Emosi Saat Ditagih Utang, Pria di Kolaka Tikam Kakaknya Sendiri


KOLAKA, REPUBLIX.ID – Tim Elang Anti Bandit Satreskrim Polres Kolaka berhasil mengamankan seorang pria berinisial E.S. (26), yang diduga melakukan penganiayaan berat terhadap kakak kandungnya sendiri di Kecamatan Pomalaa, Kabupaten Kolaka.

Pelaku diamankan sekitar pukul 00.30 Wita, Sabtu (23/5/2026), dalam operasi yang dipimpin KBO Satreskrim Polres Kolaka, IPDA Hendra, S.H., bersama sejumlah personel.

Kasubsi Penmas Polres Kolaka, Riswandi, mengatakan peristiwa penganiayaan itu terjadi pada Kamis, 21 Mei 2026 sekitar pukul 09.00 Wita di Dusun Hakanggapu, Desa Sopura, Kecamatan Pomalaa.

“Korban bernama Erdin Aprianto diduga mengalami penganiayaan berat yang dilakukan oleh adik kandungnya sendiri,” katanya, Minggu (25/5/2026).

Berdasarkan hasil penyelidikan awal, insiden bermula saat korban mendatangi pelaku untuk menagih utang.

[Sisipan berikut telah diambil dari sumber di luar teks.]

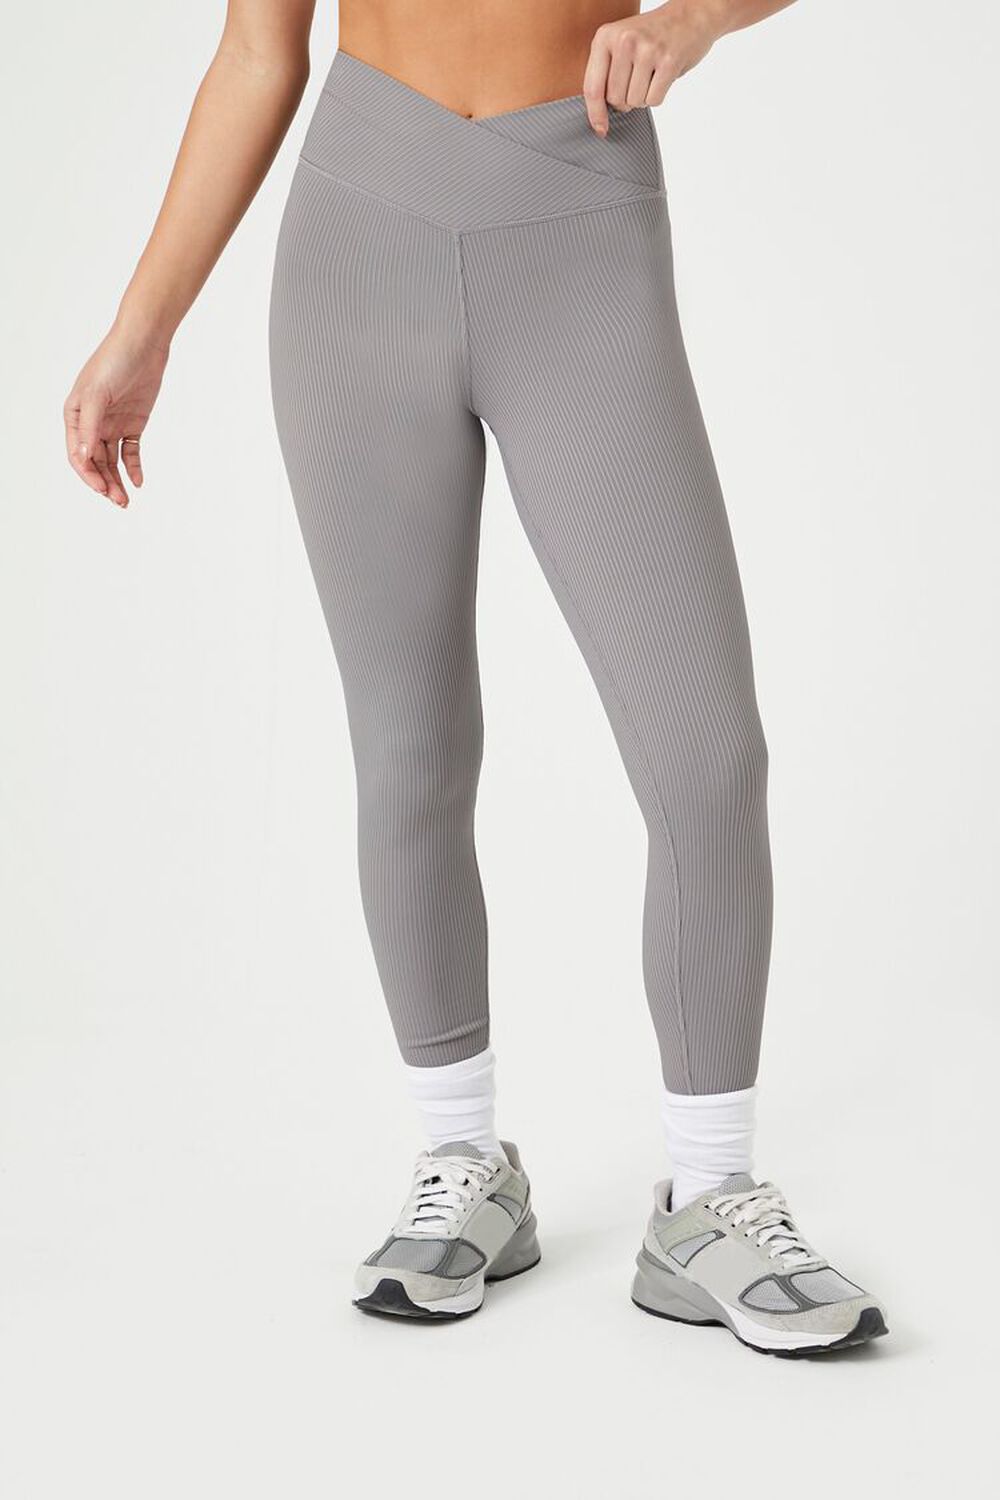 Lumana Leakproof Yoga Pant Leggings, 22 Inseam, Gray, Small, Single Pair

Namun, situasi berubah tegang setelah pelaku tersulut emosi.

Pelaku kemudian mengambil sebilah pisau dapur dari rak piring dan menikam korban beberapa kali.

Akibat serangan tersebut, korban mengalami luka tikaman pada bagian lengan kanan dan area tulang belakang. Korban selanjutnya dilarikan ke RSBG Kolaka untuk mendapatkan penanganan medis.

Dalam proses pengembangan kasus, polisi turut mengamankan barang bukti berupa sebilah pisau dapur yang diduga digunakan pelaku saat melakukan penganiayaan.

Saat ini, pelaku telah diamankan di Polsek Pomalaa untuk menjalani proses hukum lebih lanjut. Penyidik juga masih melakukan pemeriksaan tambahan, termasuk penyitaan barang bukti dan proses penahanan terhadap terduga pelaku.

Atas perbuatannya, E.S. disangkakan melanggar Pasal 466 Ayat (2) KUHPidana Undang-Undang Republik Indonesia Nomor 1 Tahun 2023.

Polres Kolaka mengimbau masyarakat agar mengedepankan penyelesaian masalah secara bijak dan menghindari tindakan kekerasan yang dapat membahayakan diri sendiri maupun orang lain.